Diese »Seuchenerzählung« bildet den Rahmen einer weiteren Erzählung, nämlich der ihres Erzählens durch ebenjenen Freund und ehemaligen Mitbewohner Baumgartners, einem gewissen Wolf Haas, der an einer Arbeit über den Wandel von temporalen zu kausalen Konjunktionen schreibt, der im Roman dann wiederum eine gewisse erzählerische Funktion einnimmt. Dieser Erzähler gesteht auch im Roman gegenüber einer jungen Frau, dass er, wenn er eines Tages mal ein Buch schreiben sollte, diesem den Titel »Verteidigung der Missionarsstellung« geben werde.

Wolf Haas: Verteidigung der Missionarsstellung. Verlag Hoffmann & Campe 2012. 238 Seiten. 19,99 Euro.
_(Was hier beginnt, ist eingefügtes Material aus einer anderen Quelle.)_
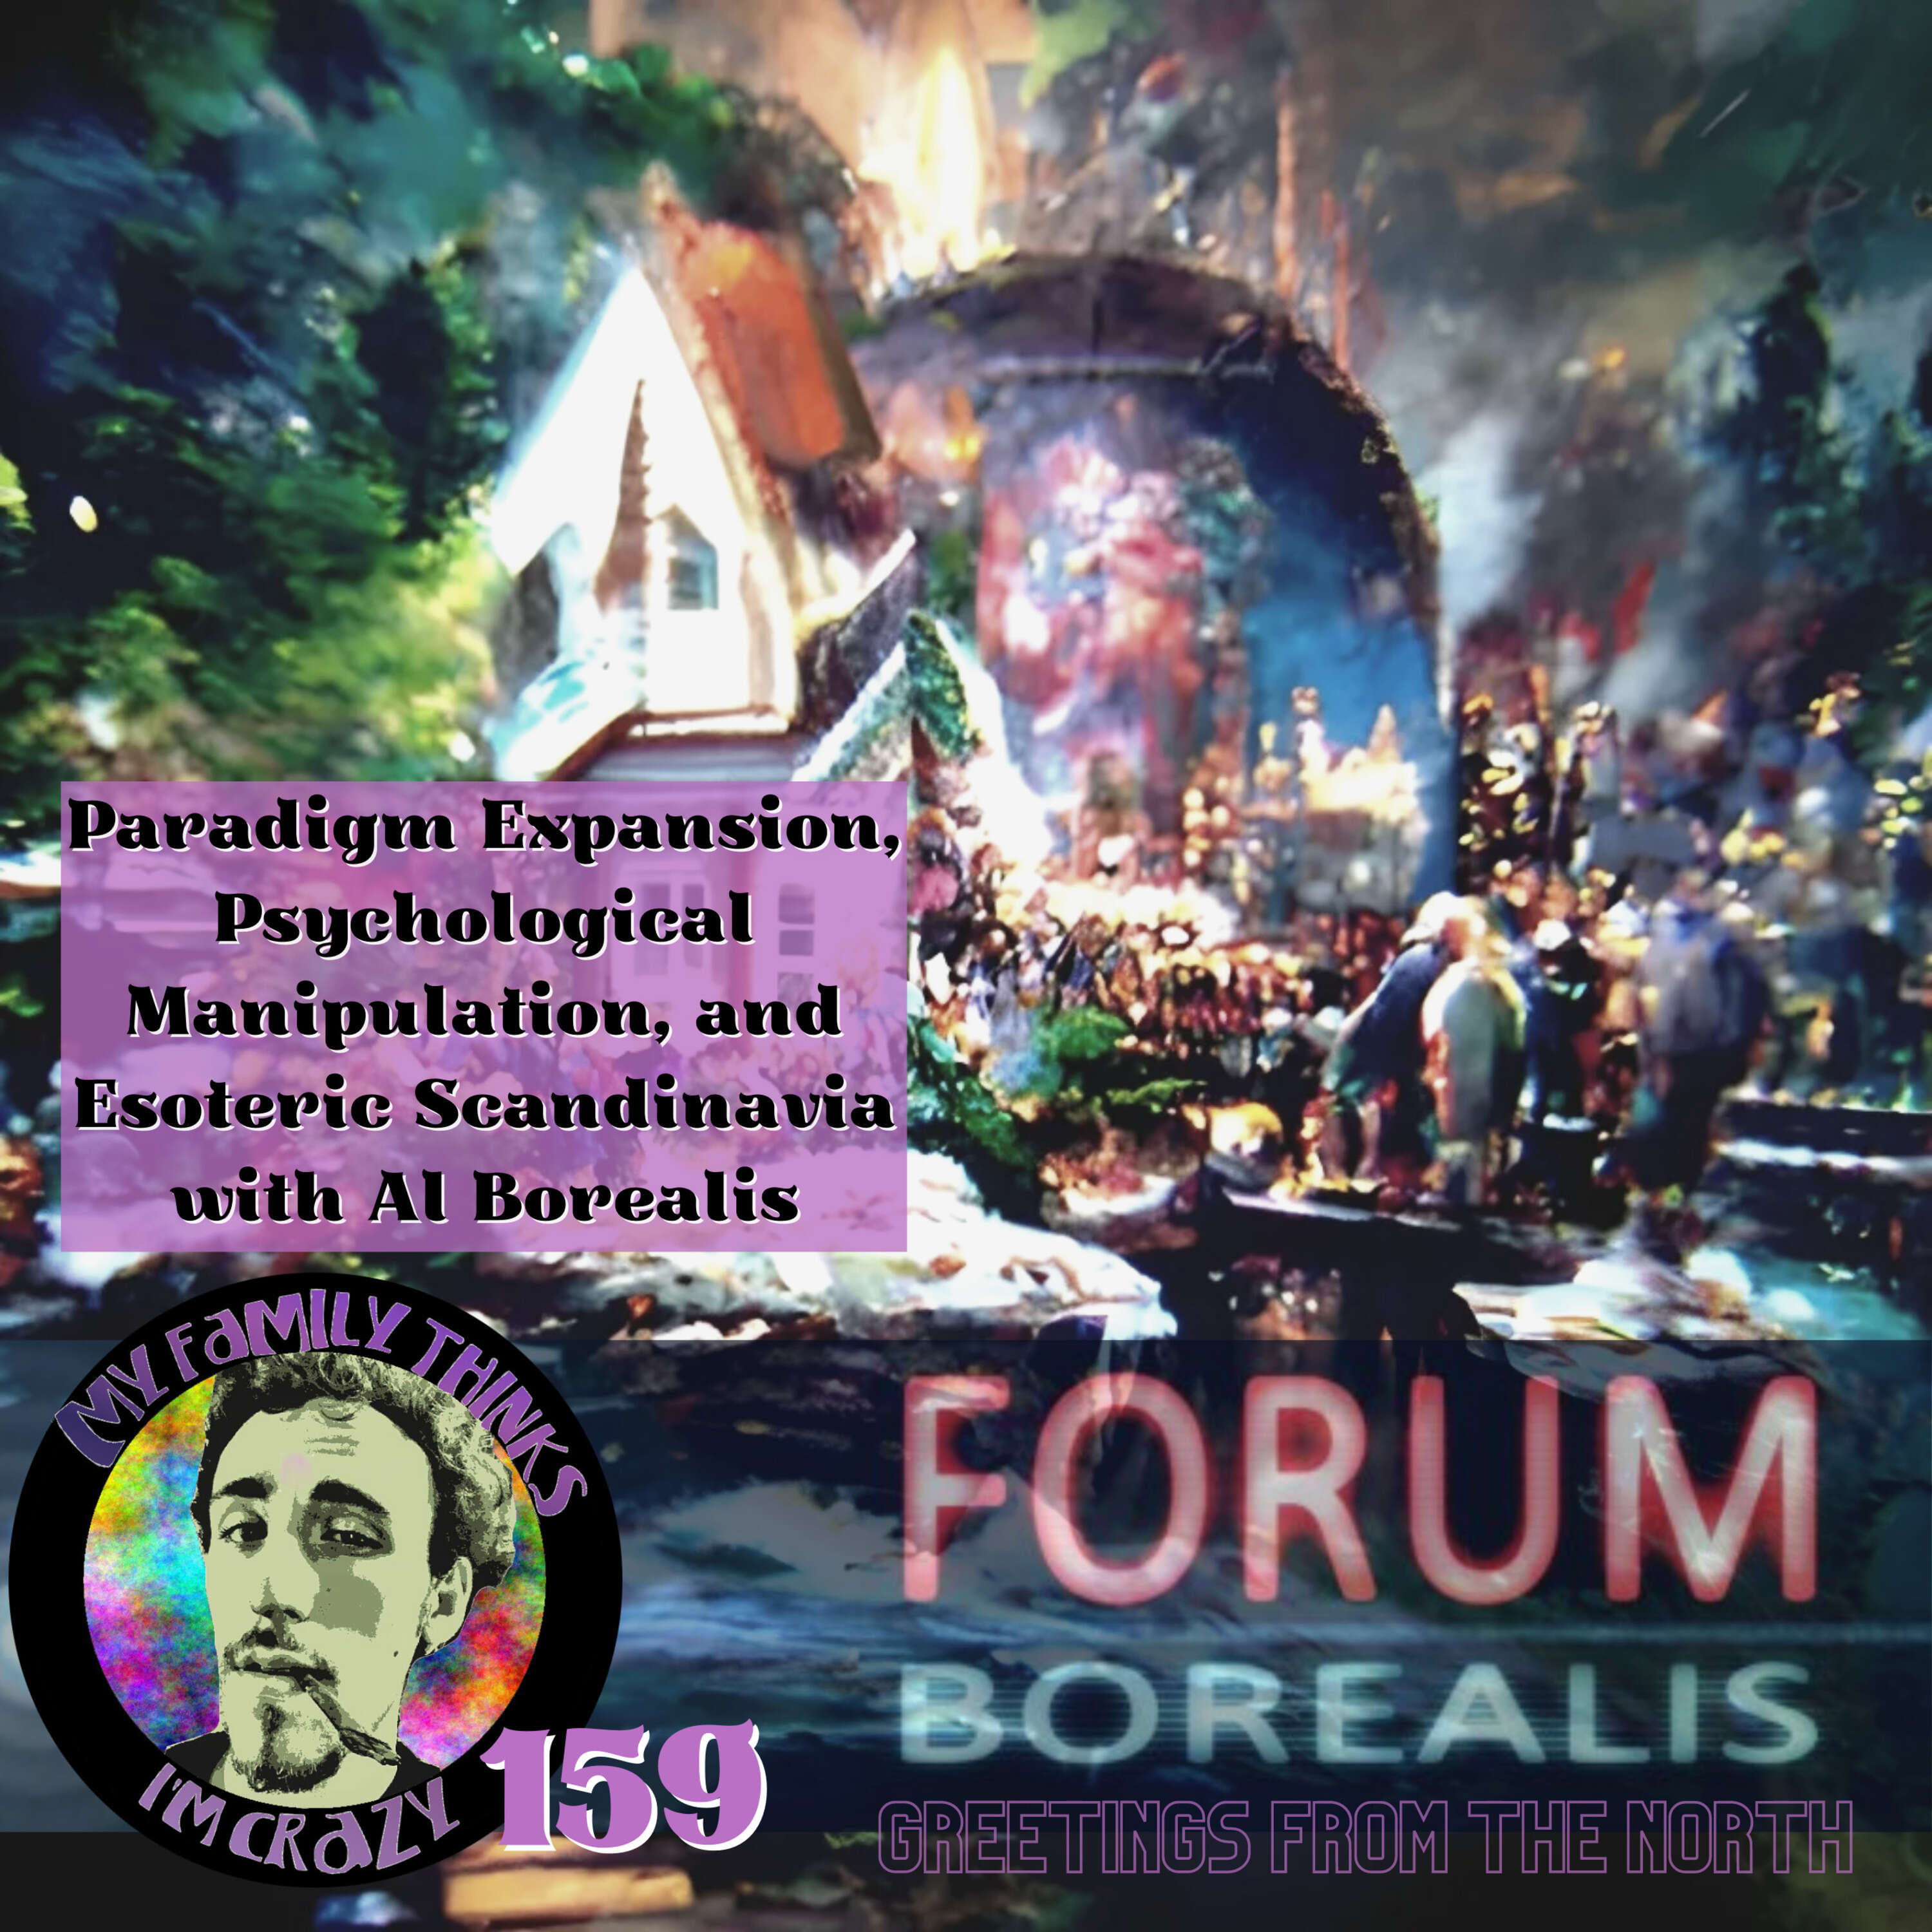 Forum Borealis - Al | Paradigm Expansion, Psychological Manipulation, and Esoteric Scandinavia

Hier bestellen

Haas Roman lebt vom spielerischen Umgang mit seinem Material, sei es auf der erzählerischen, der sprachlichen, der textuellen oder der haptischen Ebene. So wird der Erzählfluss immer wieder von Textblöcken und Einschüben unterbrochen, die sich mal wie Regieanweisungen und mal wie Autorennotizen lesen: »[HIER NOCH LONON-ATMOSPHÄRE EINBAUEN. LEUTE. AUTOS. HÄUSER. 1988. THE BLICK FROM THE BRIDGE.]« oder »[NÄCHSTE WOCHE SCHNELL 50 SEITEN LEBENSGESCHICHTE ZUSAMMENSCHUSTERN.]«.
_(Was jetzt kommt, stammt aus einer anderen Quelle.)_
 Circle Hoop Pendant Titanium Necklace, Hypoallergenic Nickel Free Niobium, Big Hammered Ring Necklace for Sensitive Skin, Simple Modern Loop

Das Spiel mit der Sprache treibt Haas mit den sympathischen Versprechern der stets ausländischen Geliebten von Benjamin Lee Baumgartner weiter. Da wird »Fug reden« zum Gegenteil der Wendung »Unfug reden« stilisiert, »disgusting« mit »ungustiös« übersetzt oder dem »Querlesen« das »Geradelesen« gegenübergestellt. Als Leser darf man dann tatsächlich auch mal ganze Seiten »querlesen« oder im Kreis – wenn die Gedanken Kreisen – oder sich in den Text bis zur Unkenntlichkeit vertiefen. Diese Spiele mit dem Textsatz kennt man vor allem von Mark Z. Danielewski. Und wer des Chinesischen mächtig ist, der erfährt ein in der Tiefe des Romans liegendes Geheimnis (wer kein chinesisch kann, versteht den Roman dennoch, verpasst aber dieses »Bonus-G’schichtl«).

Wolf Haas neuer Roman, der es unfassbarer Weise nicht von der Long- auf die Shortlist des Deutschen Buchpreises geschafft hat, ist ein Hohelied auf die Literatur, indem er Sprache nicht zu ernst nimmt, sondern mit ihr spielt. Verteidigung der Missionarsstellung ist nicht nur die längst überfällige Rettung der typischsten aller sexuellen Begegnungen, sondern ein Lektürevergnügen sondergleichen.